1 Introduction

systemPipeRdata provides data analysis workflow templates compatible with the systemPipeR software package (H Backman and Girke 2016). The latter is a Workflow Management System (WMS) for designing and running end-to-end analysis workflows with automated report generation for a wide range of data analysis applications. Support for running external software is provided by a command-line interface (CLI) that adopts the Common Workflow Language (CWL). How to use systemPipeR is explained in its main vignette here. The workflow templates provided by systemPipeRdata come equipped with sample data and the necessary parameter files required to run a selected workflow. This setup simplifies the learning process of using systemPipeR, facilitates testing of workflows, and serves as a foundation for designing new workflows. The standardized directory structure (Figure 1) utilized by the workflow templates and their sample data is outlined in the Directory Structure section of systemPipeR's main vignette.

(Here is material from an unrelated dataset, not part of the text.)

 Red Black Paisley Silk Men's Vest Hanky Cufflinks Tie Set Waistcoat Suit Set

Figure 1: Directory structure ofsystemPipeR's workflows. For details, see here.

2 Getting started

2.1 Installation

The systemPipeRdata package is available at Bioconductor and can be installed from within R as follows.

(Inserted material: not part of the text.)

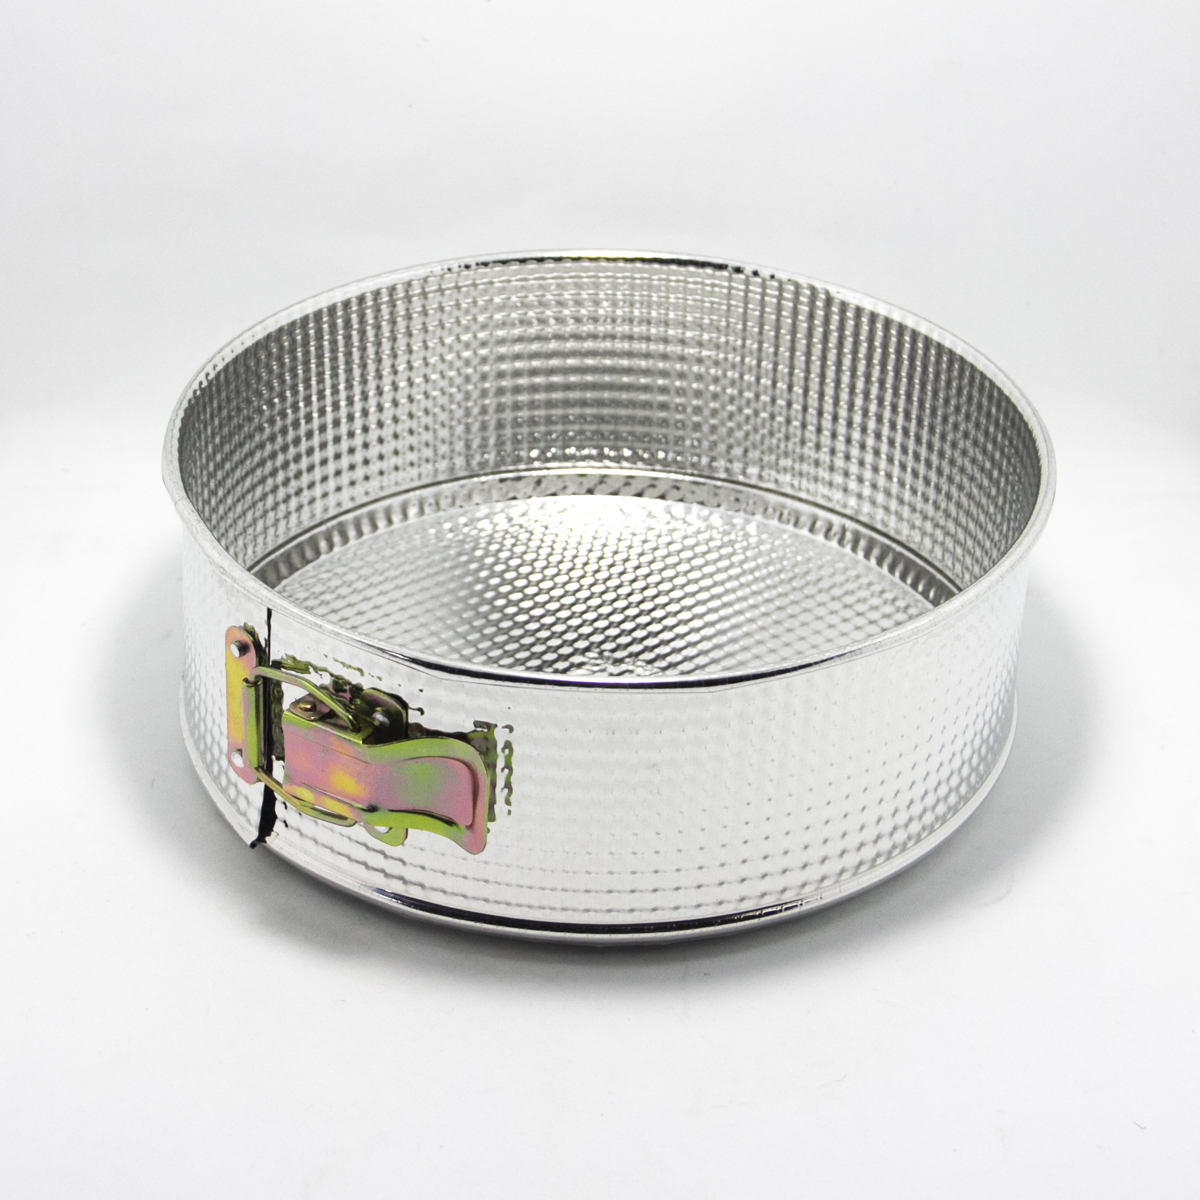 Tortera Graciela desarmable - aluminio - 23x8,5cm

if (!requireNamespace("BiocManager", quietly = TRUE)) install.packages("BiocManager")
BiocManager::install("systemPipeRdata")

2.2 Loading package and documentation

library("systemPipeRdata")  # Loads the package

library(help = "systemPipeRdata")  # Lists package info
vignette("systemPipeRdata")  # Opens vignette

3 Overview of workflow templates

An overview table of workflow templates, included in systemPipeRdata, can be returned as shown below. By clicking the URLs in the last column of the below workflow list, users can view the Rmd source file of a workflow, as well as the final HTML report generated after running a workflow on the provided test data. A list of the default data analysis steps included in each workflow is given here. Additional workflow templates are available on this project’s GitHub organization (for details, see below). To create an empty workflow template without any test data included, users want to choose the Generic template, which includes only the required directory structure and parameter files.

availableWF()

Name	Description	URL
Generic	Generic Workflow Template	Rmd, HTML
SPblast	BLAST Template	Rmd, HTML
SPcheminfo	Cheminformatics Drug Similarity Template	Rmd, HTML
SPchipseq	ChIP-Seq Workflow Template	Rmd, HTML
SPriboseq	RIBO-Seq Workflow Template	Rmd, HTML
SPrnaseq	RNA-Seq Workflow Template	Rmd, HTML
SPscrna	Basic Single-Cell Template	Rmd, HTML
SPvarseq	VAR-Seq Template	Rmd, HTML

Table 1: Workflow templates

4 Use workflow templates

4.1 Load a workflow

The chosen example below uses the genWorkenvir function from the systemPipeRdata package to create an RNA-Seq workflow environment (selected under workflow="rnaseq") that is fully populated with a small test data set, including FASTQ files, reference genome and annotation data. The name of the resulting workflow directory can be specified under the mydirname argument. The default NULL uses the name of the chosen workflow. An error is issued if a directory of the same name and path exists already. After this, the user’s R session needs to be directed into the resulting rnaseq directory (here with setwd). The other workflow templates from the above table can be loaded the same way.

library(systemPipeRdata)
genWorkenvir(workflow = "rnaseq", mydirname = "rnaseq")
setwd("rnaseq")

On Linux and OS X systems the same can be achieved from the command-line of a terminal with the following commands.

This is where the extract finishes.